**Exercise description:** Reprint the lines below as they are, minus the pictures.

**Provided material:**
=== Begin Enclosure ===
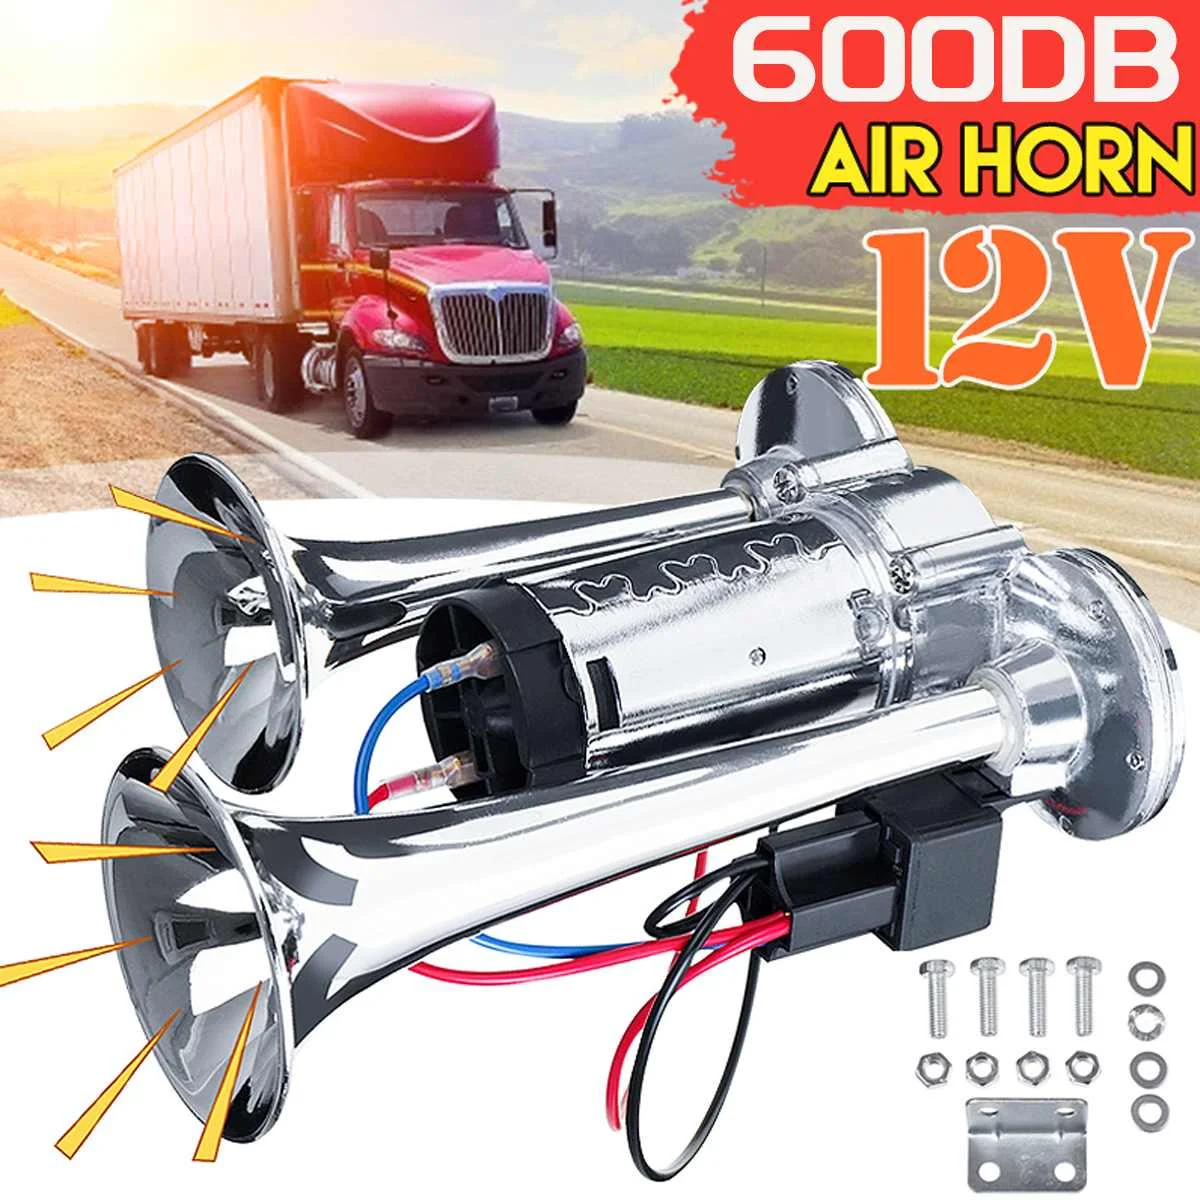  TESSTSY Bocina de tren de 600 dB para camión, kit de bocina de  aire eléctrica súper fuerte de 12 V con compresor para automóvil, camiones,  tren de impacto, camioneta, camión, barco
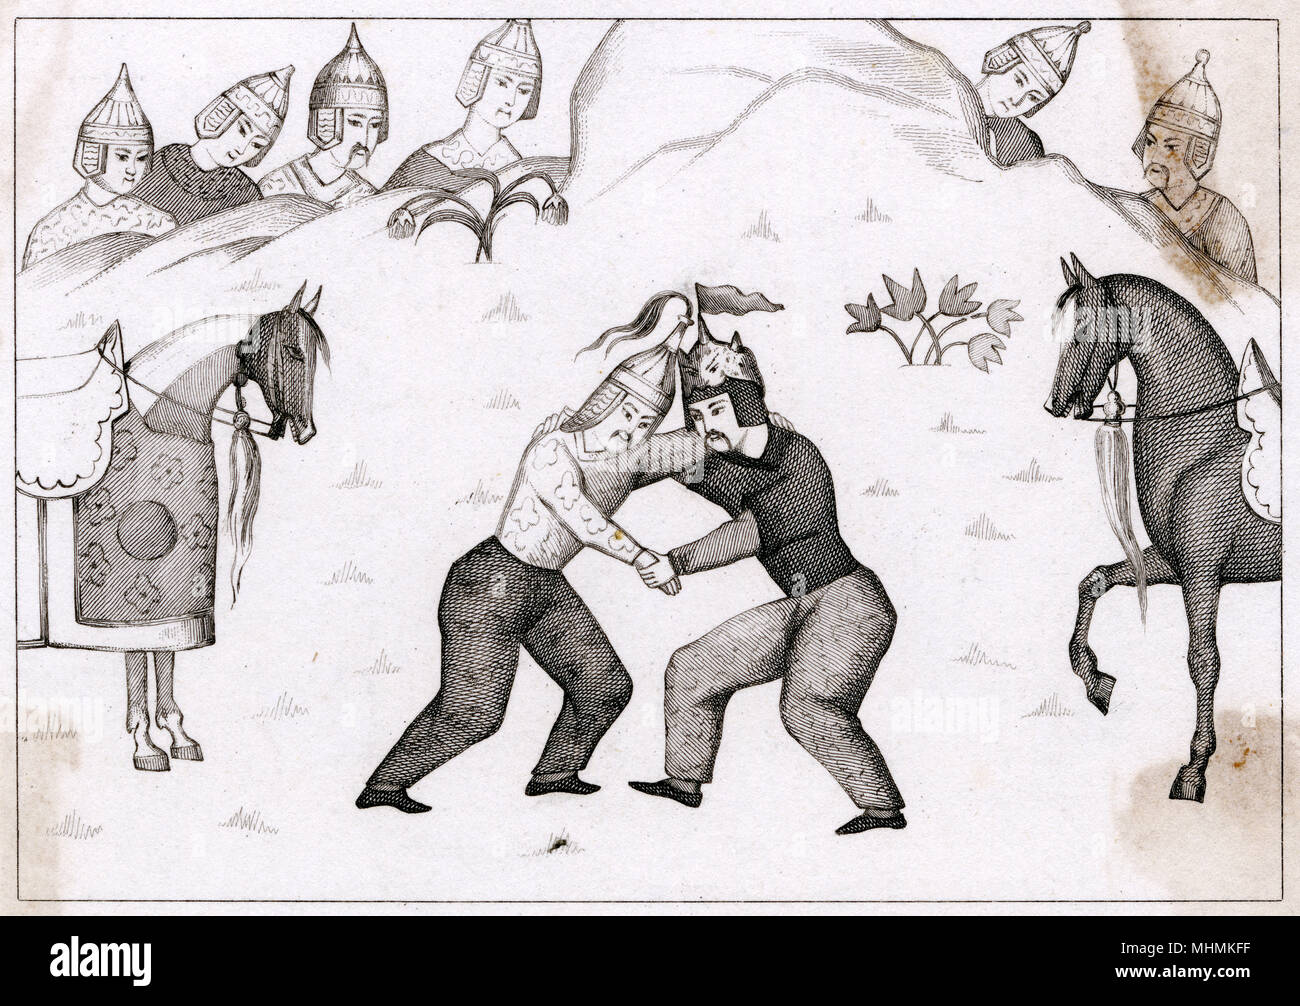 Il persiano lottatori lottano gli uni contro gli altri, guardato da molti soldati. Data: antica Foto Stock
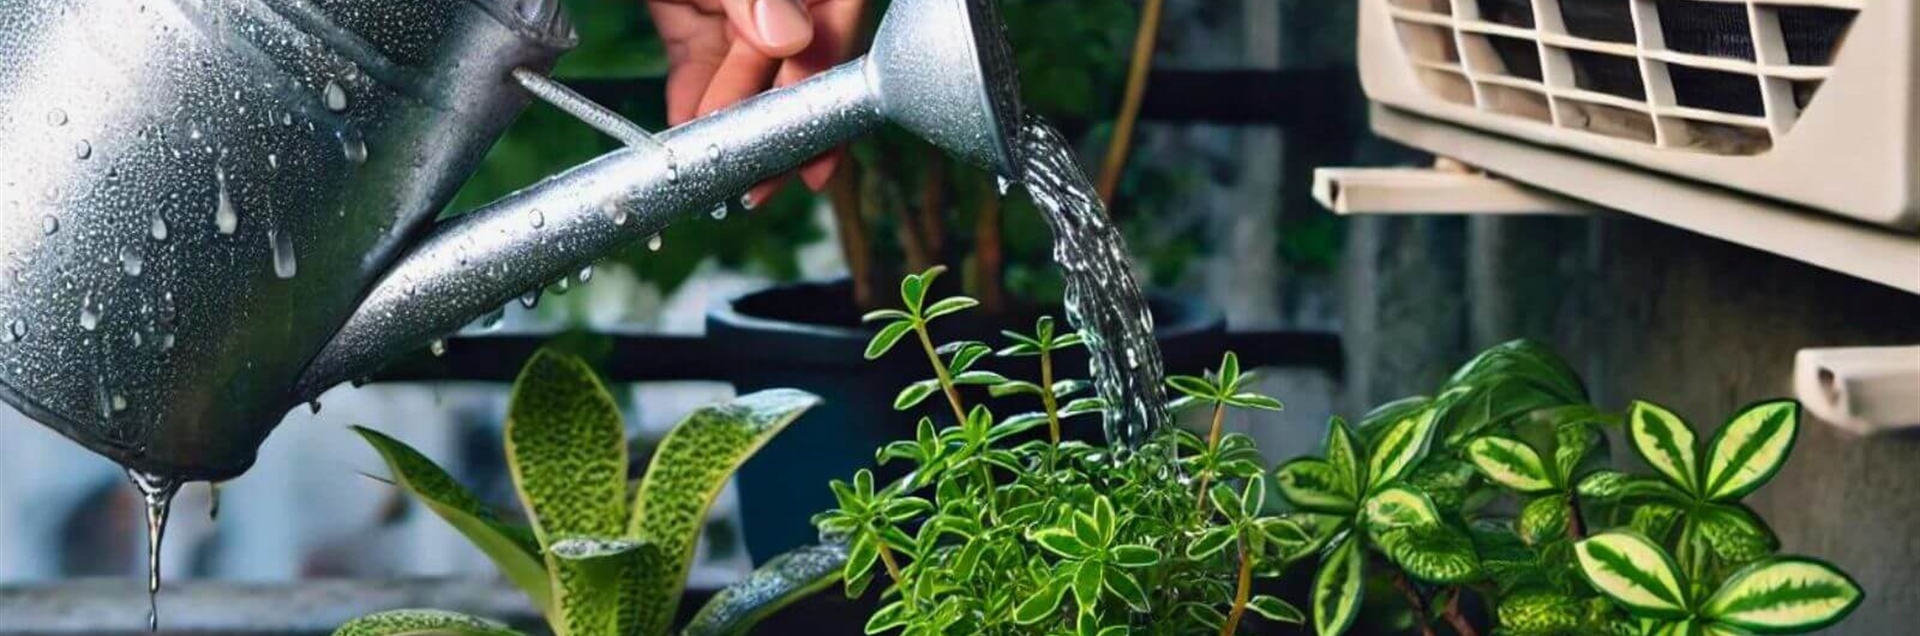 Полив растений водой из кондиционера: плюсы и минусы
=== End Enclosure ===
**Task solution:**
  TESSTSY Bocina de tren de 600 dB para camión, kit de bocina de  aire eléctrica súper fuerte de 12 V con compresor para automóvil, camiones,  tren de impacto, camioneta, camión, barco
 Il persiano lottatori lottano gli uni contro gli altri, guardato da molti soldati. Data: antica Foto Stock
 Полив растений водой из кондиционера: плюсы и минусы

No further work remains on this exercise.